PURPOSE:To improve reliability in inspection by performing black color oxidation of the main body of a multilayered wiring board wherein a through hole is formed, and thereafter performing the inspection. CONSTITUTION:At the stage before the inspection of the inner layer of a multilayered printed wiring board, a through hole 24 is formed in the main body 20A of the multilayered wiring board so as to penetrate the inner layer, and the main body 20A undergone black color oxidation. The black color oxidation is performed by submerging the main body 20A into heated mixed liquid of potassium peroxide and caustic soda. Thus, a black oxide film 25 is formed on only exposed surfaces 22a and 23a of inner layers 22 and 23 made of copper. The main body 20B of the multilayered wiring board which has undergone the black color oxidation becomes an object for inspection, and the inspection is performed. Here, the inside of the hole 24 has the green color when a substrate 21 is made of glass epoxy and has a brown color when the substrate is made of glass polyimide. The black film 25 is visually recognized. Therefore, the constrast of the exposed surfaces 22a and 23a with respect to the substrate 21 becomes clear, and the inspection with regard to the deviation of the inner layer can be improved.

Description

[Detailed description of the invention]

0001

BACKGROUND OF THE INVENTION 1. Field of the Invention The present invention relates to an inspection method in the manufacturing process of multilayer printed wiring boards.
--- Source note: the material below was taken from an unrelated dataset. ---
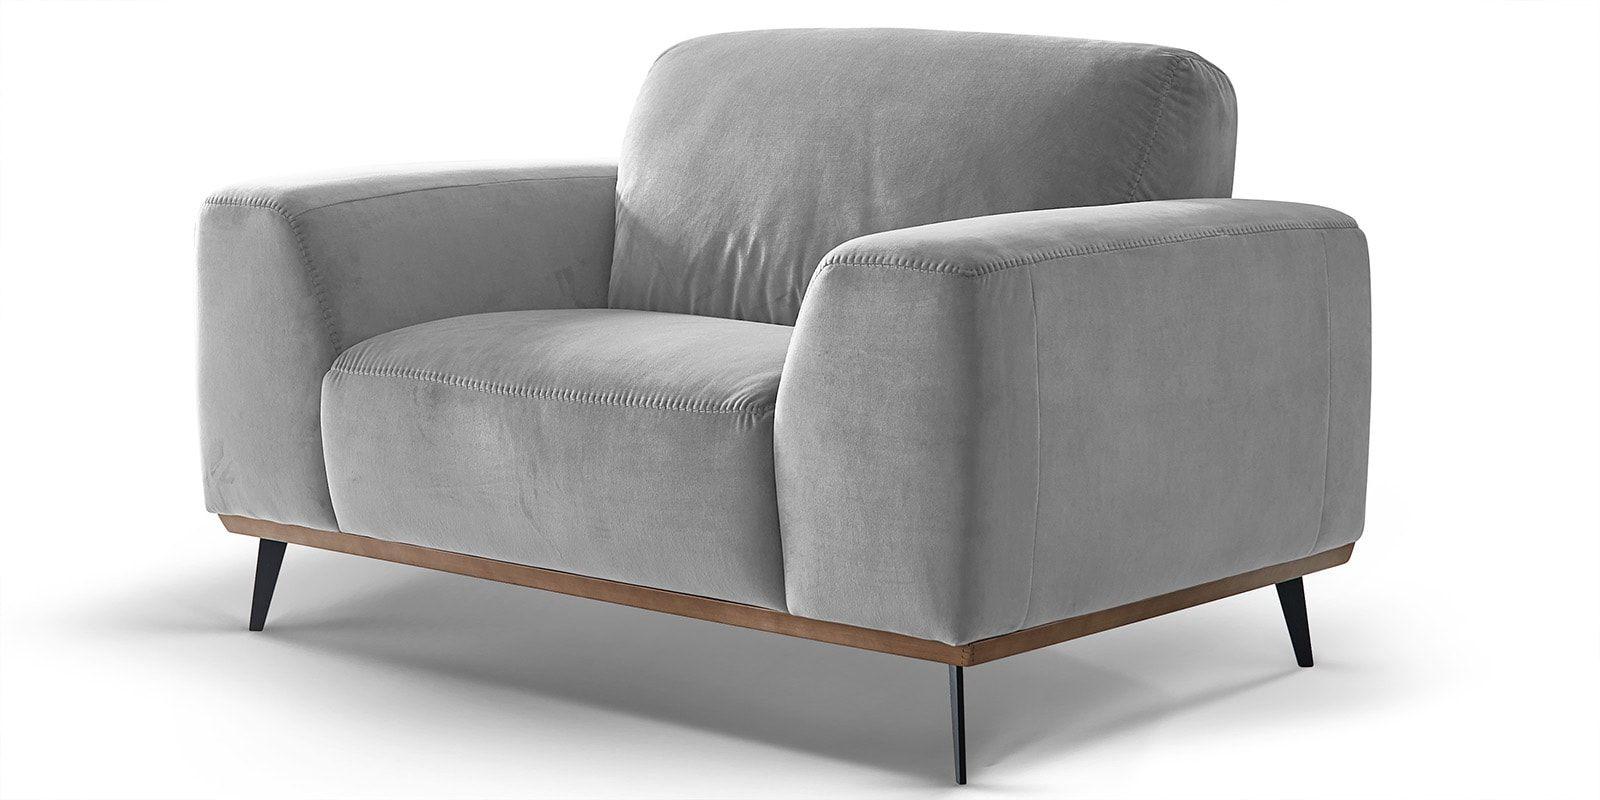 Skandi Design 1 5 Sitzer Couch Mit Holzrahmen Barcelona Comfort2home Sessel Holz Design

Generally, multilayer printed wiring boards are manufactured through the steps shown in FIG. First, in step 1, a plurality of substrates on which wiring patterns are formed are laminated to form a multilayer printed wiring board body, then step 2 is performed to form through holes, and then step 3 is performed to form through holes. Finally, step 4 is performed to form a surface circuit pattern.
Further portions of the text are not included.